Can you give us a tour of your PhD Hat?

The Zugspitze
So the hat shows the Zugspitze, and the large scarp of the rock slope failure that happened there 4,000 years ago (Fig. 2). And my peers made a really nice ERT in there, so you can find electrodes in the rock. Also, the rocks themselves are mobile!

ERT
The electric resistivity tomograph was included because that turned out to be one of the major things that I worked with during my PhD. It took me three or four years to really get this method operating reliably in rocks. There’s so much of my blood, sweat, and tears that went into these first ERTs that didn’t work. There was one time that we had carried up enough cable and equipment for an entire month on the mountain and when we got there we found out the cable was out of order…

How did it feel to hand in the PhD thesis and finish this part of your career?

I remember the exact day when my time as a PhD student ended, because I was leading an excursion to Mexico with 25 people the very next morning and was just totally exhausted from all the organization and planning involved in that.

When I was on my way to the University office to hand in the thesis – we were still submitting our printed thesis manually at the time – a part of my right shoe fell off. I remember thinking that it represented exactly how I felt in the moment!

For those who just joined a lab group in Germany, or maybe want to bring this to their own lab group: What is something essential to include in a labmate’s PhD hat?

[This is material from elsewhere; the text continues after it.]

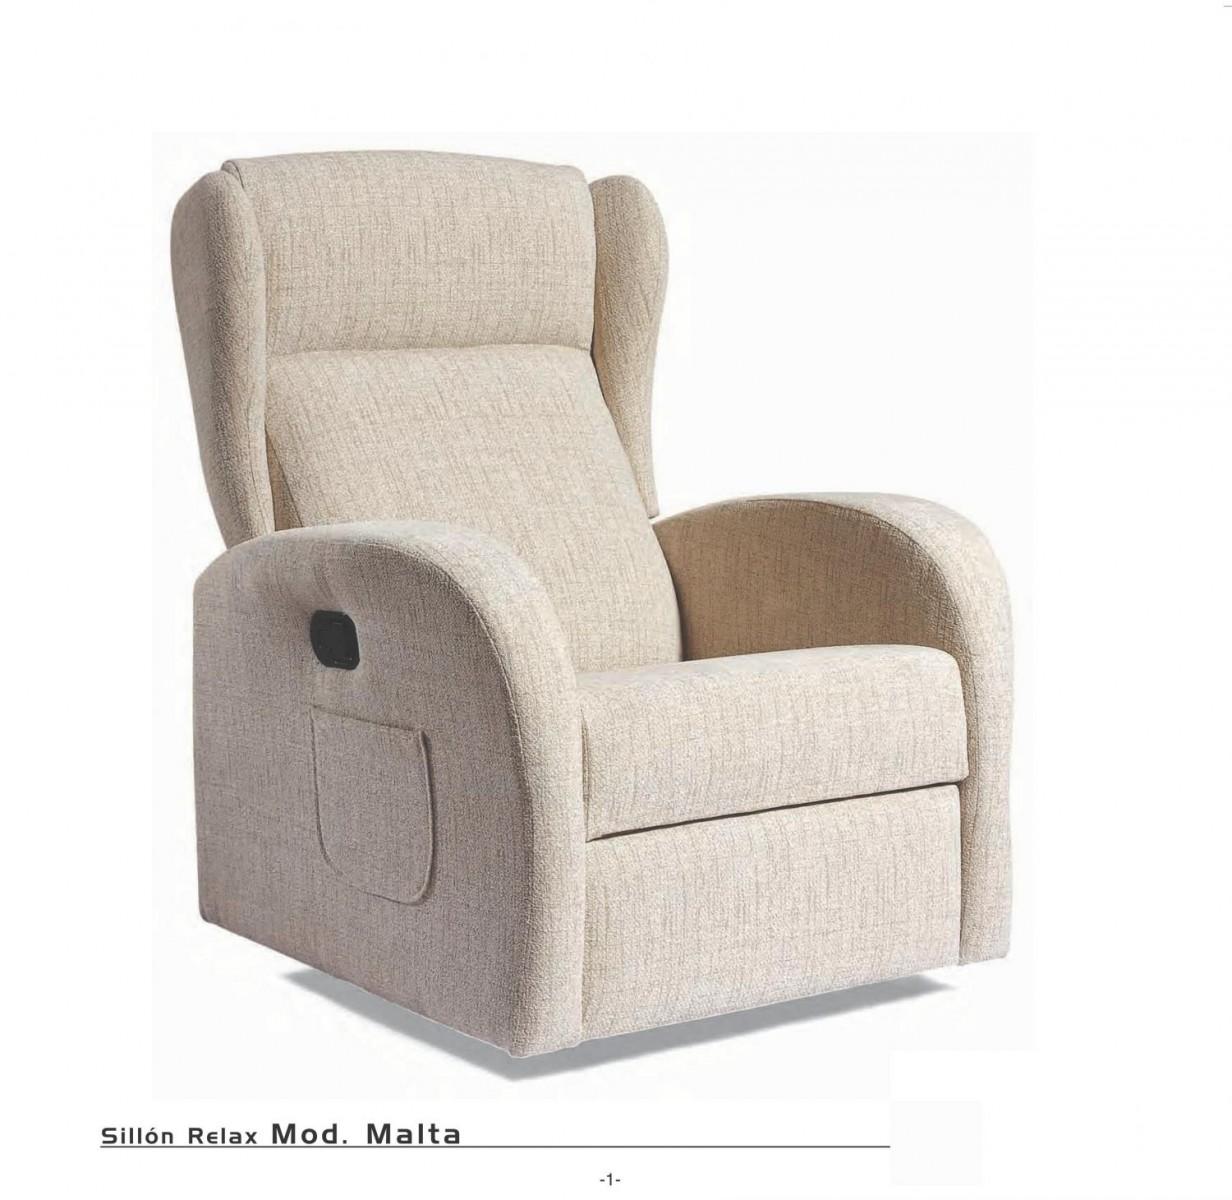 Sillon relax moderno 46 malta sofas sillones gran - Sillon relax moderno ...

The PhD hat is a big gift to give to a PhD candidate – I keep mine on the cupboard in my office. I see it every day. Even though these were not-so-easy times, the hat can also remind you of the friends you met during the thesis. It shows that other people took the effort to make it for you. And you took an effort to make it for other people.

I see all of that when I look at the PhD hats. So I think if they take a little bit of the emotional side of the PhD memories, and the toughest thing they’ve done in your PhD, then the PhD candidate will appreciate it because they can see their time over the last few years reflected in this hat.

Thanks for your time Michael, and for the tour of your PhD hat!

To the reader, though this is the last post in this miniseries of ‘Cryo Caps’ it doesn’t have to be the last. If there’s a tradition or activity your lab group does to celebrate a graduation, write about it! Often, these inter-lab traditions highlight the teamwork and friendships that support academic research. Curiosity and the pursuit of knowledge can create a competitive atmosphere at times, but it can also bring out the best in all of us too.